Its easy to see that $B'$, $C'$, $D$ are collinear (since $\angle B'DC = \angle C'DC = 90^\circ$). Applying the sine rule in triangle $ABC$, we get \[\frac{\sin BAD  }{ \sin CAD} = \frac{BD }{ DC}.\] Since $BAB'D$ and $CC'AD$ are cyclic quadrilaterals, $\angle BAD \angle BB'D$ and $\angle CAD = \angle CC'D.$ So, \[\frac{\sin(BB'D)}{\sin(CC'D)} = \frac{BD}{DC}\] and \[\frac{BD}{\sin BB'D} = \frac{DC }{ \sin CC'D}.\] Thus, $BB' = CC'$ (the circumcircles $\mathcal{C}_1,\mathcal{C}_2$ are congruent).
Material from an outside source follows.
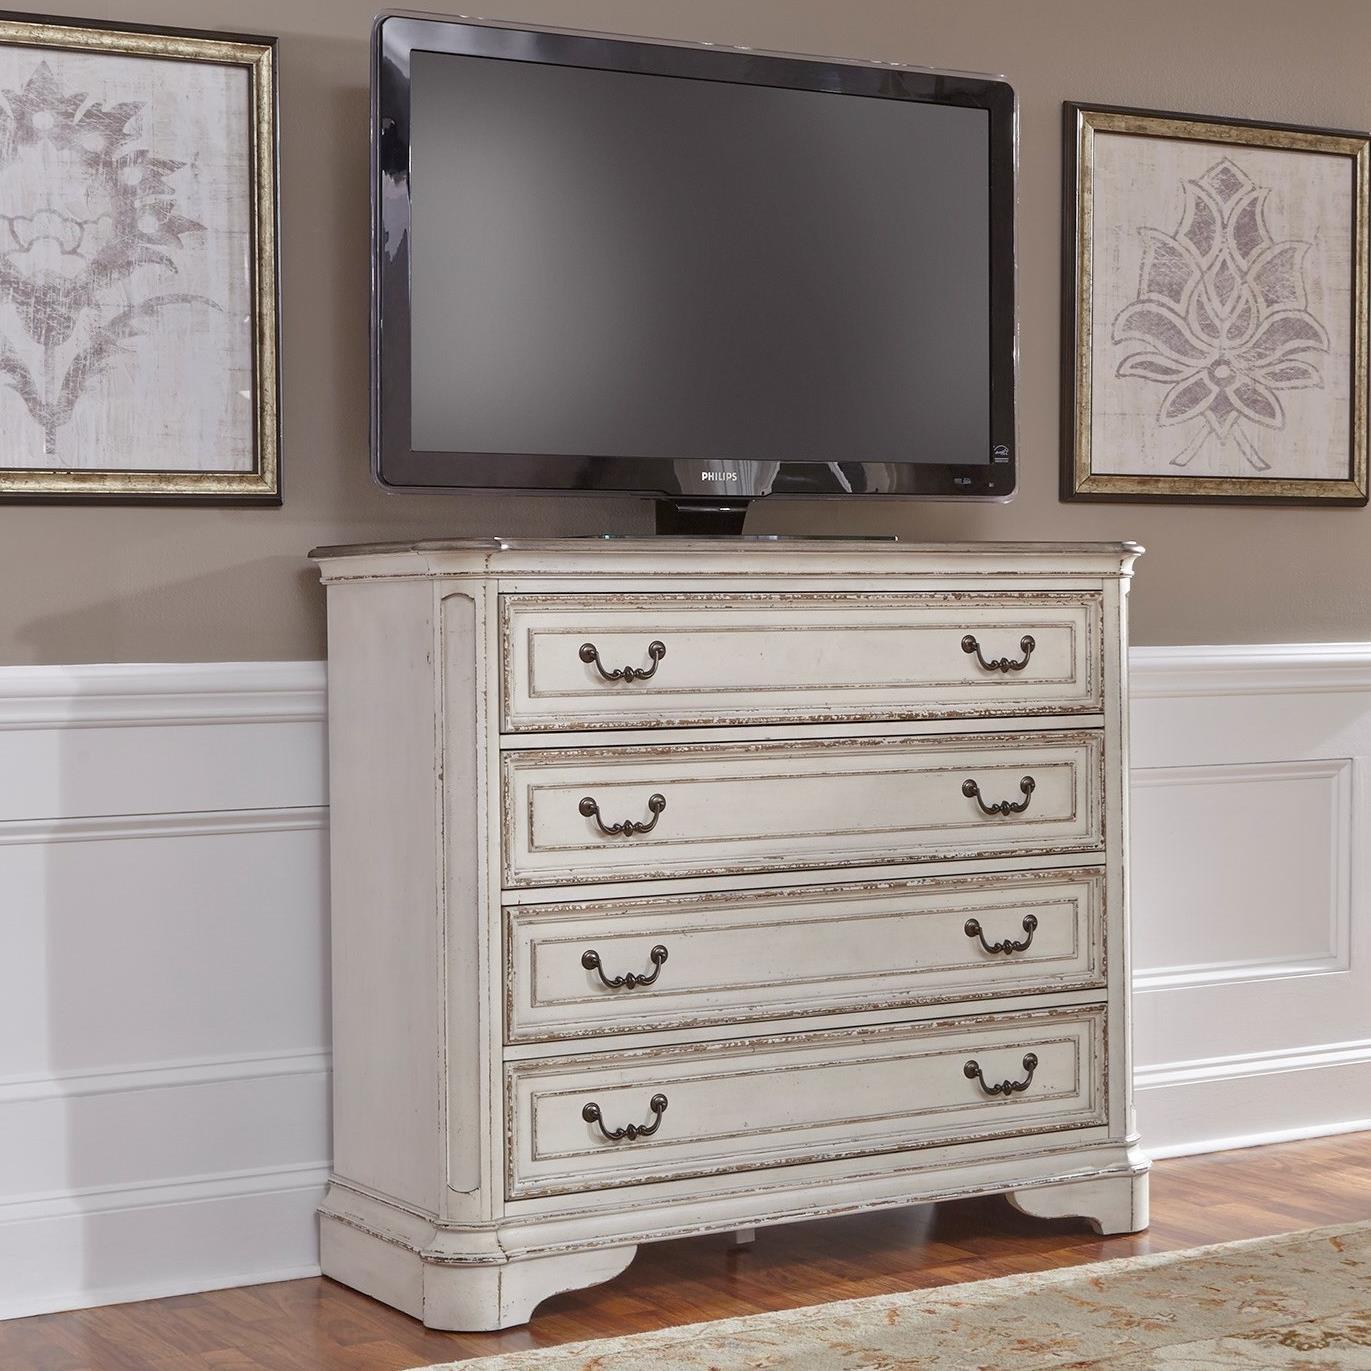 Magnolia Manor Media Chest by Sarah Randolph Designs at Virginia Furniture Market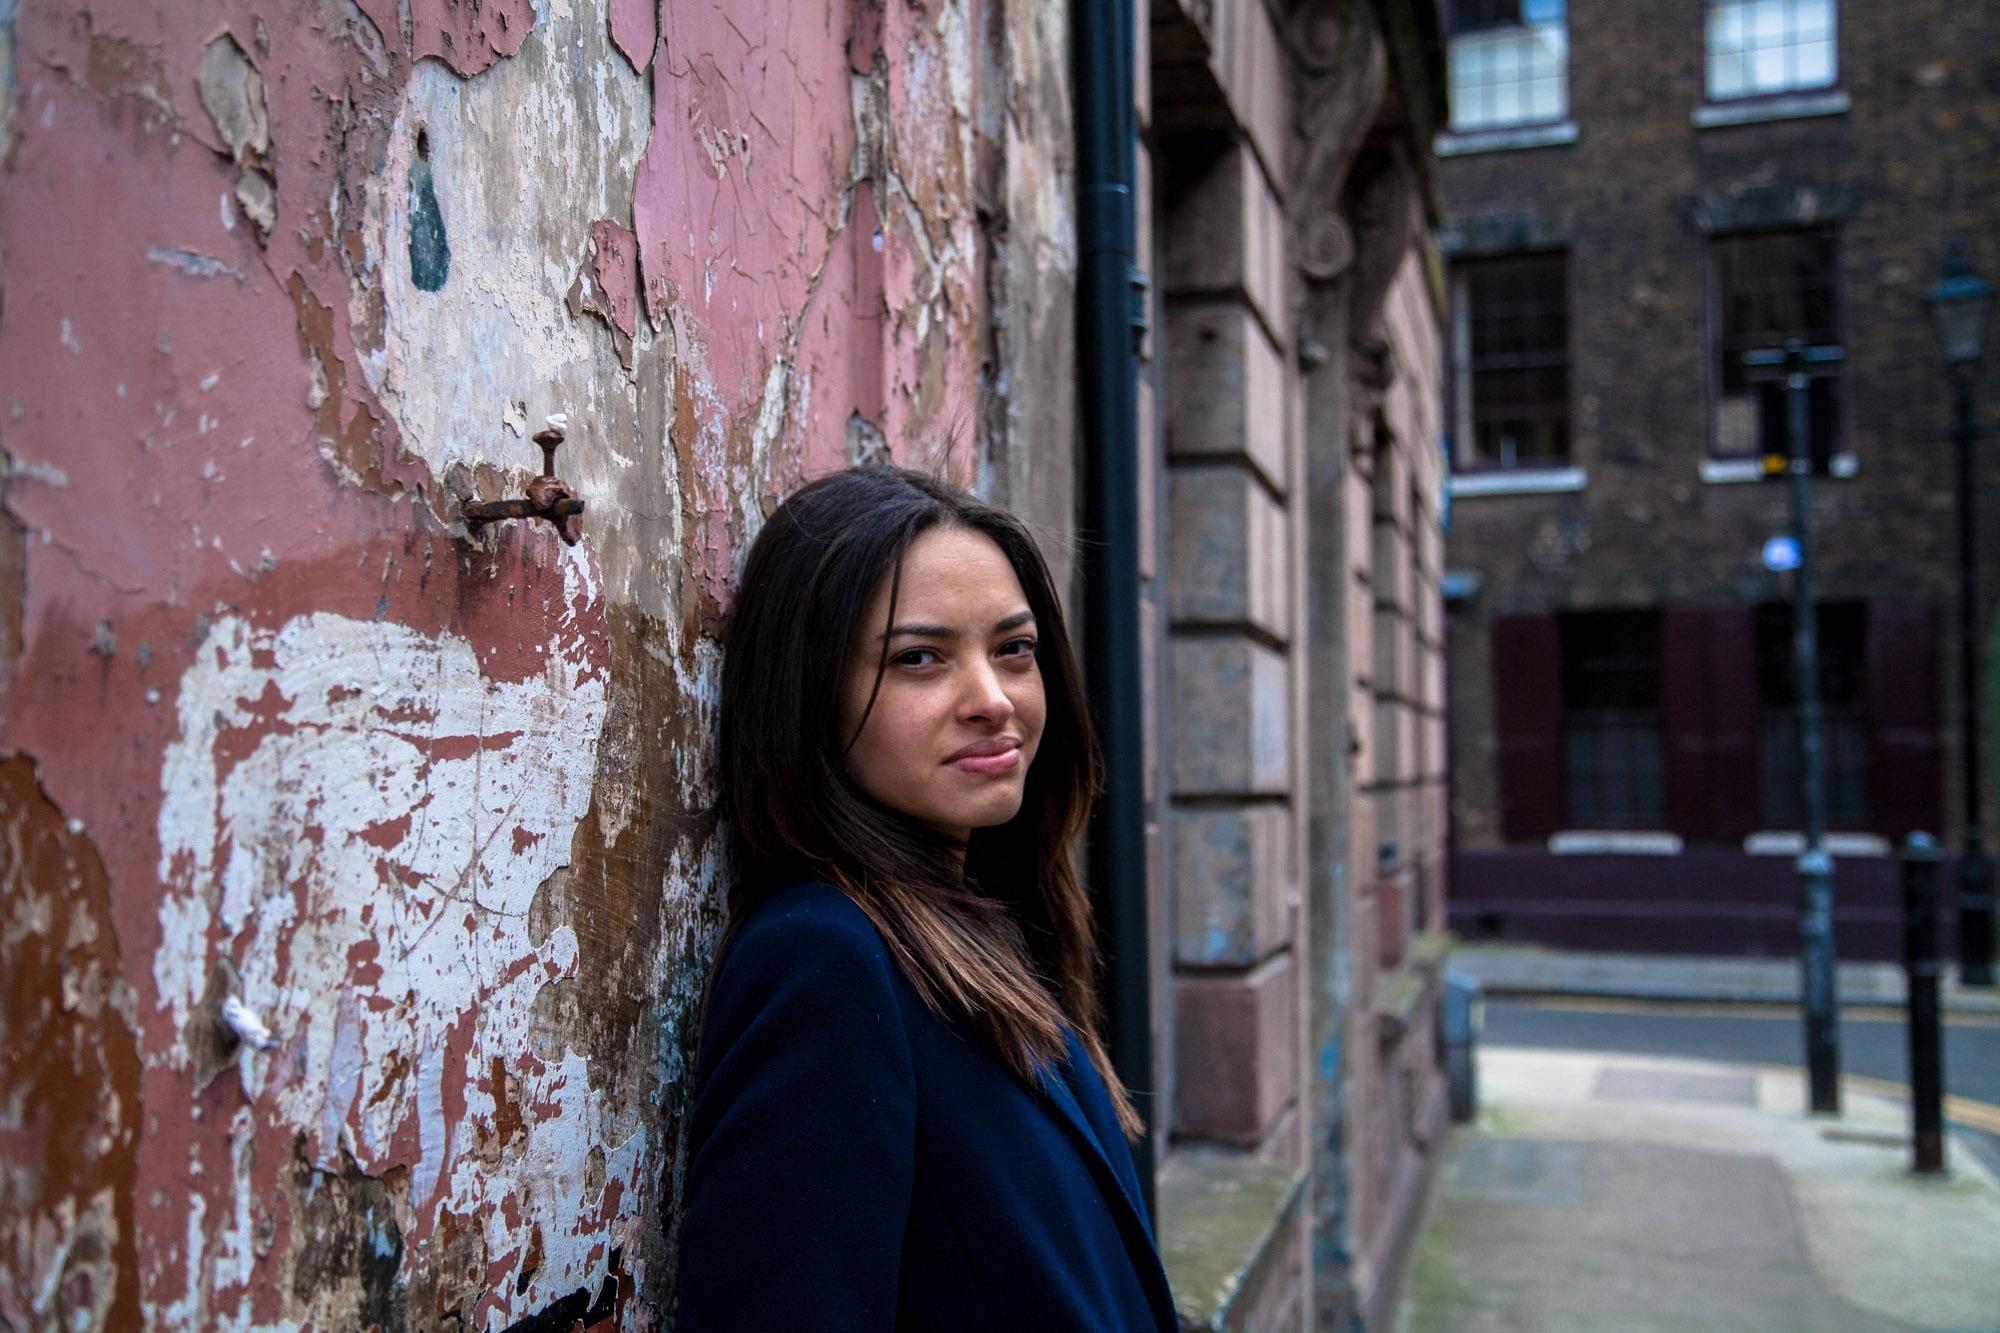 portraits-photographer-oxford-london-jonathan-self-photography_-33.jpg

From right triangles $BB'A$ and $CC'A$, we have \[AC'^{2} = CC'^{2} - AC^{2} = BB'^{2} - AB^{2} = AB'^{2}.\] So, $AC' = AB'.$ Since $M$ is the midpoint of $B'C'$, $AM$ is perpendicular to $B'C'$ and hence $AM$ is parallel to $BC$. So area of $[MBC] = [ABC]$ and hence is independent of position of $D$ on $BC$.